Version 2.1.13 of RMark is available. You can get the Windows binary or tar.gz file for building on Linux or Mac at
https://drive.google.com/open?id=0B77g1ScdUwVeVU9rUE5lVS1kZ2M&authuser=0I'd appreciate hearing about any tests of the new version of RMark and in particular popan.derived or covariate.predictions. I've tested popan.derived and a few examples of covariate.predictions and all is being computed correctly. But any further testing would be appreciated. The changes should not affect values that don't use mlogit links. Once I'm confident that I've got it right, I'll post to CRAN.
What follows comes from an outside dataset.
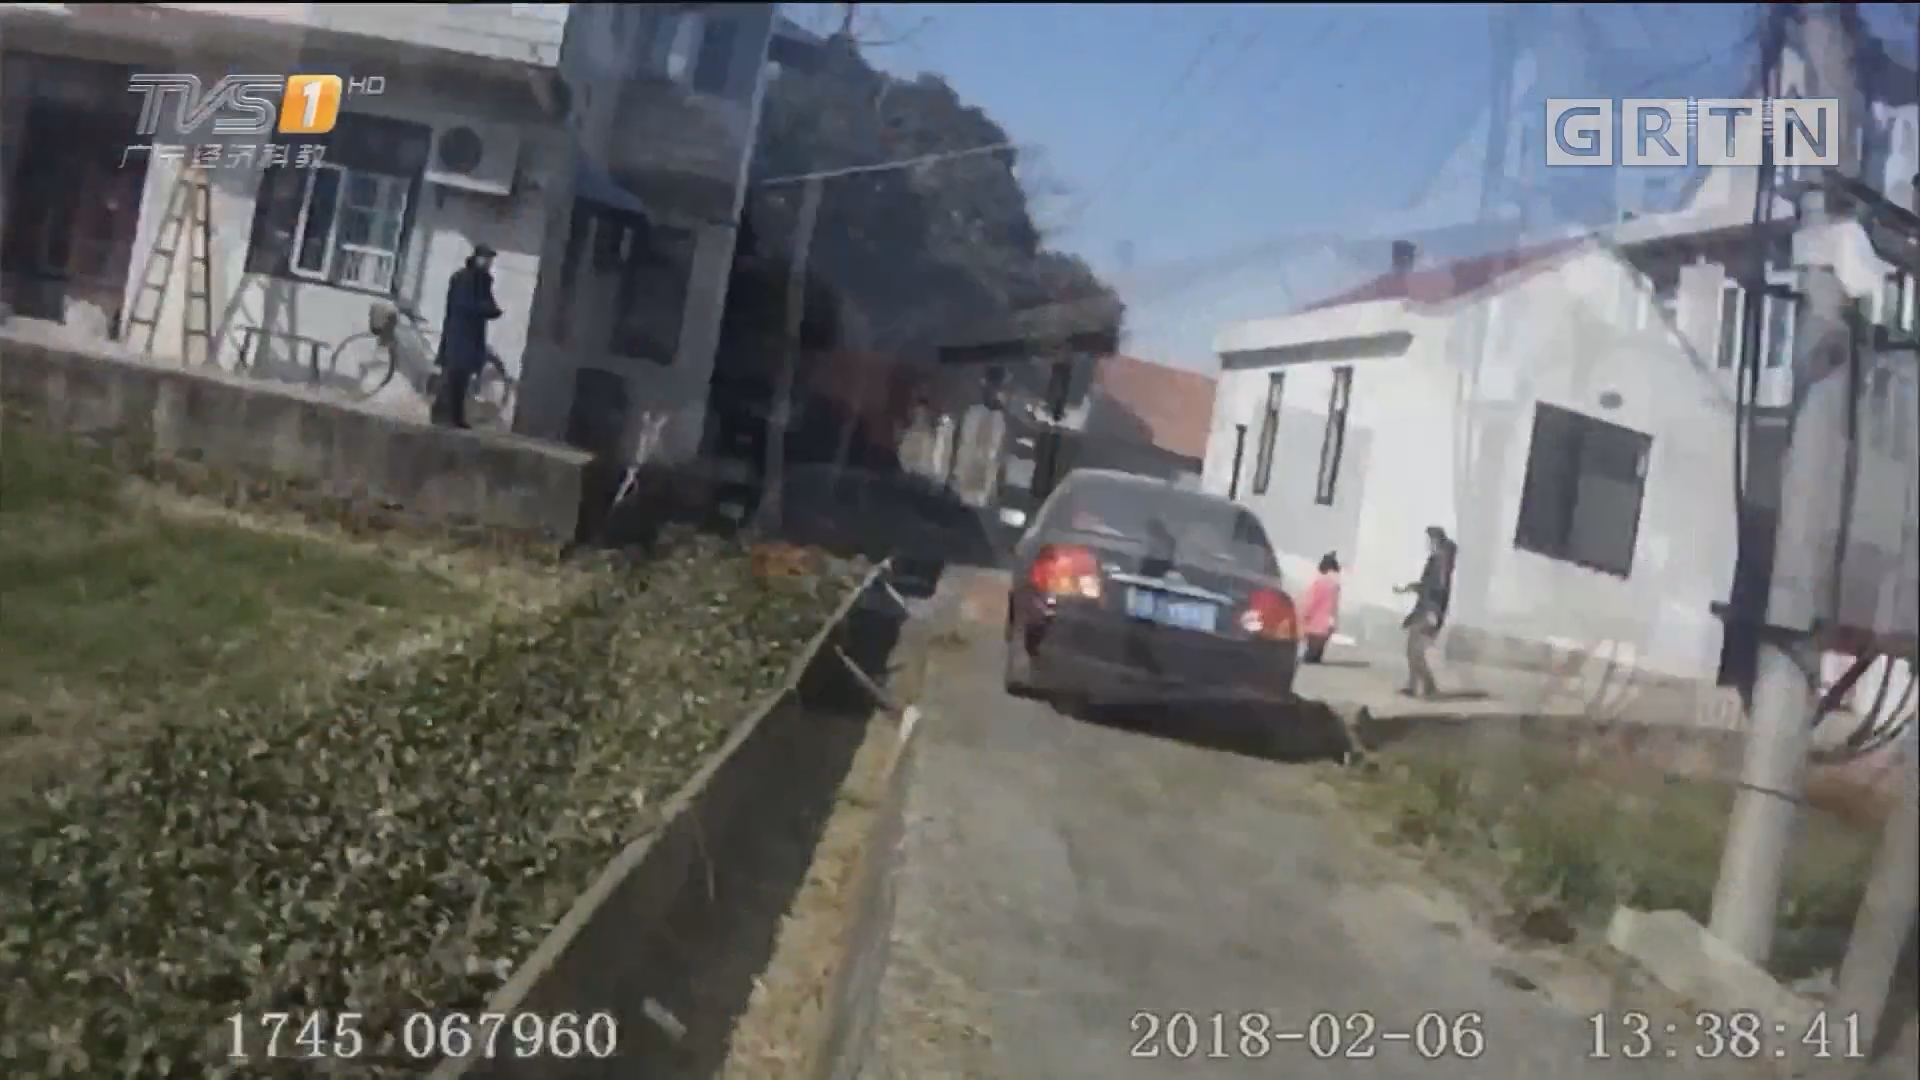 江苏南通:奇葩司机 遇查车竟丢下孩子跳河开溜

The following is from the package NEWS on the changes made to covariate.predictions
A bug in covariate.predictions was introduced in the change for 2.1.10. Incorrect values were being computed for mlogit parameters when covariate values were not used. popan.derived used that approach and incorrect values resulted for the abundance estimates. Thanks to Leigh Ann Starcevich for reporting this discrepancy. A few other changes were made in covariate.predictions to prevent possible errors with mlogit parameters. If you are making the computations for parameters that use an mlogit link you must use the separate indices argument if you have individual covariate values. If you try to use the data=data.frame(index=...,cov=) approach with mlogit parameters and you have covariate values, the function will stop with an error. Also, if you only include a portion of the indices in an mlogit set, it will also stop and issue an error and will tell you the set of indices that should be included for that mlogit set. If you were allowed to exclude some indices the result would be incorrect because the real parameter values are computed by summing over the entire mlogit set.